= Kawanabe District, Kagoshima =

District in Kagoshima Prefecture, Japan

Kawanabe (川辺郡, Kawanabe-gun) was a district located in Kagoshima Prefecture, Japan.

As of 2003, the district had an estimated population of 28,788 and a total area of 247.54 km^{2}.

The day before the dissolution on November 30, 2007, the district had two towns:
- Chiran (知覧町, Chiran-chō)
- Kawanabe (川辺町, Kawanabe-chō)

On December 1, 2007, the towns of Chiran and Kawanabe, along with the town of Ei (from Ibusuki District), were merged to create the city of Minamikyūshū. Kawanabe District was dissolved as a result of this merger.

==Traveling in Kawanabe==
Prefecture road 16 is in front of Kawanabe high school.
It joins national highway 225.
Highway 225 continues straight to Kagoshima city.
It is about 53 km from Kawanabe.

==Kawanabe High School==
Kawanabe high school is located at the center of the city.
It has about 450 students.
Many of the students choose to enter university.
One of the characteristics of this school is the spirit of "Jingaryo".
"Jingaryo" is the name of the hill in the school.
Many school events are named after this spirit.
For example, at the school festival called "Jingaryo festival", students make some exhibitions related to school history.
Each year of graduates plants a tree and plaque to commemorate their time at Kawanabe.
In school there are some clubs and students are eager to do various activities. For example, there is a symphonic band in the school. It has about 50 members. It got gold prizes 13 times continuously in Kagoshima prefectural contest. In 2010, saxophone four players got gold prize in an ensemble contest in Kagoshima.

==Buddhism in Kawanabe==
In the middle of the Kamakura period, family Buddhist altars became popular. They are called 仏壇 (butsudan) in Japanese. Early in the nineteenth century, these Buddhist altars the industry of making these altars started and became popular later. Today, it has become the base of Kawanabe Buddhist altar industry.

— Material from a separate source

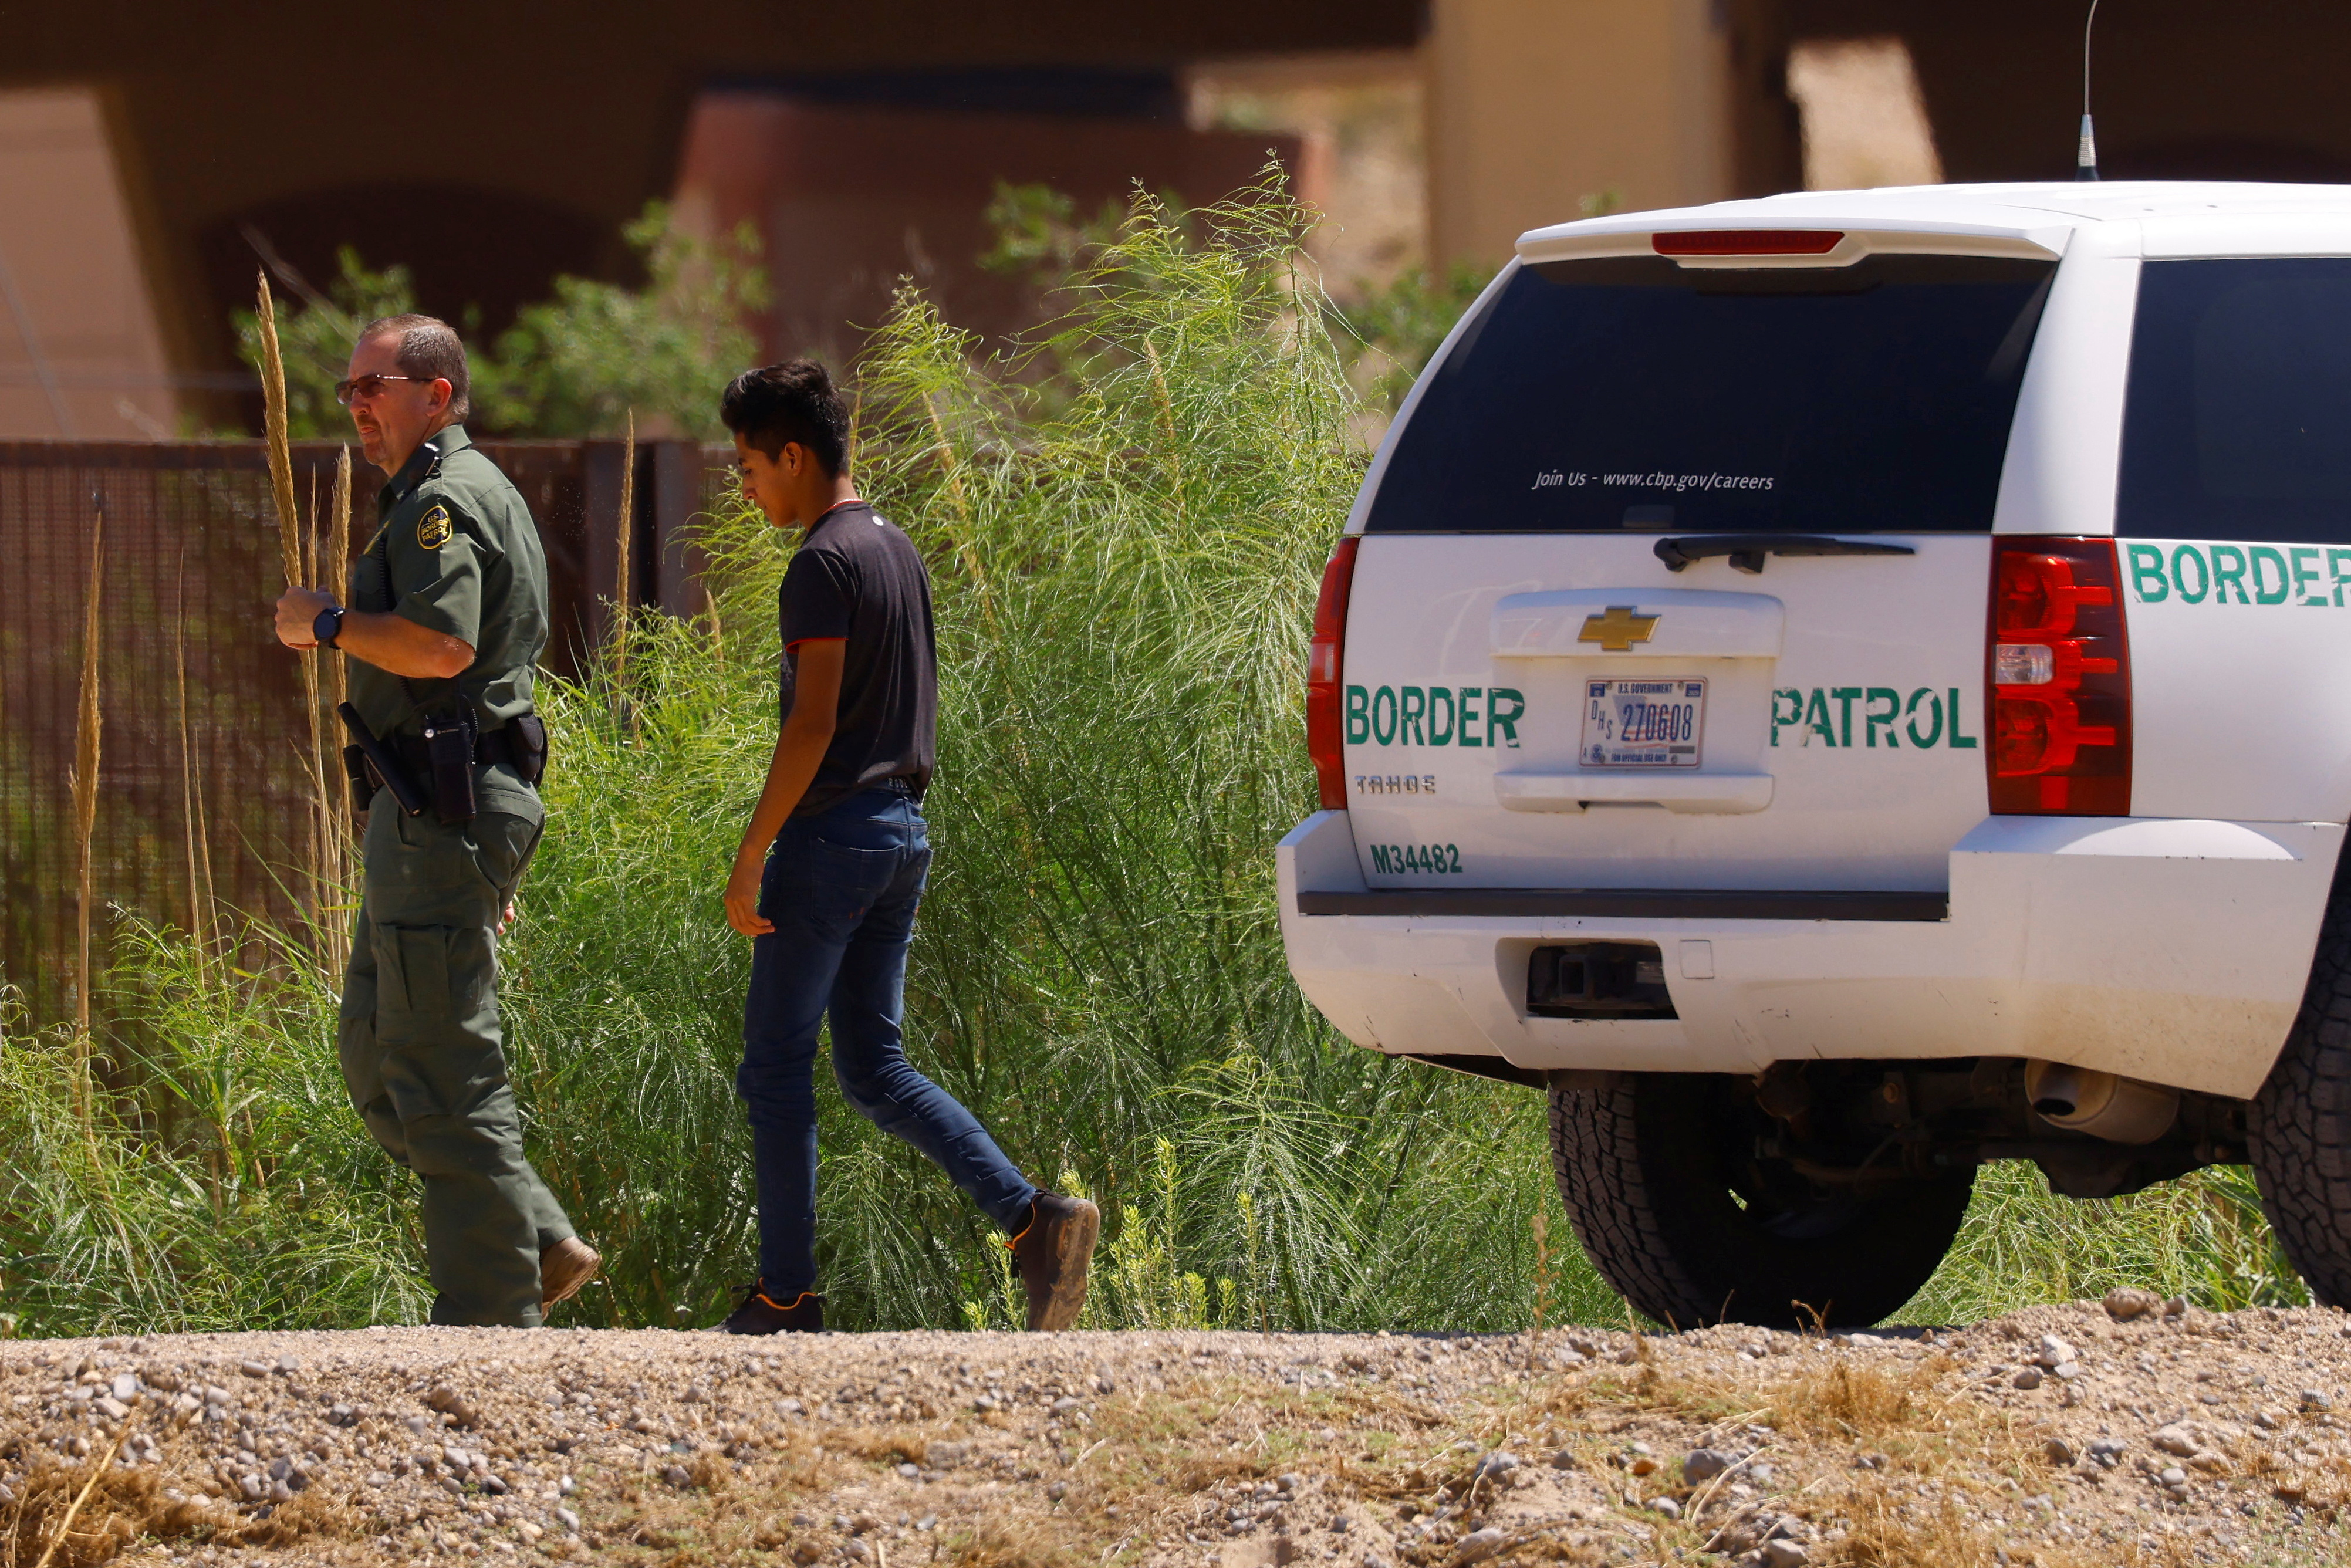 Imagen de referencia de la patrulla fronteriza (Foto: REUTERS/Jose Luis Gonzalez)

Now there are many shops which sell Kawanabe Buddhist altars in Kawanabe.

==Timeline==
- April 1, 1889 - Due to the municipal status enforcement, the villages of Kaseda, Nishikaseda, Higashikaseda, Higashinanpo, Nishinanpo, Katsume and Kawanabe were formed in Kawanabe District. (7 villages)
- March 29, 1896 - The villages of Chiran (from Kiire District) was moved to Kawanabe District. (8 villages)
- January 1, 1923 - The village of Nishikaseda was renamed to the village of Kasasa.
- July 1, 1923 - The village of Higashinanpo(?) was elevated to town status and renamed to become the town of Makurazaki. (1 town, 7 villages)
- October 13, 1923 - The village of Kawanabe was elevated to town status to become the town of Kawanabe. (2 towns, 6 villages)
- January 1, 1924 - The village of Kaseda was elevated to town status to become the town of Kaseda.(3 towns, 5 villages)
- January 1, 1925 - The village of Higashikaseda was elevated to town status and renamed to become the town of Bansei. (4 towns, 4 villages)
- April 1, 1932 - The village of Chiran was elevated to town status to become the town of Chiran. (5 towns, 3 villages)
- October 10, 1940 - The village of Kasasa was elevated to town status to become the town of Kasasa. (6 towns, 2 villages)
- September 1, 1949 - The town of Makurazaki was elevated to city status to become the city of Makurazaki. (5 towns, 2 villages)
- April 1, 1951 - The village of Ōura was broken off from the town of Kasasa. (5 towns, 3 villages)
- October 15, 1953 - The village of Nishinanpo(?) was renamed to the village of Bonotsu.
- July 15, 1954 - The towns of Kaseda and Bansei were merged to create the city of Kaseda. (3 towns, 3 villages)
- November 1, 1955 - The village of Bonotsu was elevated to town status to become the town of Bonotsu.(4 towns, 2 villages)
- September 1, 1956 - The town of Kawanabe, and the village of Katsume were merged to create the town of Kawanabe. (4 towns, 1 village)
- November 1, 1961 - The village of Ōura was elevated to town status to become the town of Ōura.(5 towns)
- November 7, 2005 - The towns of Bonotsu, Kasasa and Ōura, along with the city of Kaseda, and the town of Kinpō (from Hioki District) were merged to create the city of Minamisatsuma. (2 towns)
- December 1, 2007 - The towns of Chiran and Kawanabe, along with the town of Ei (from Ibusuki District), were merged to create the city of Minamikyūshū. Kawanabe District was dissolved as a result of this merger.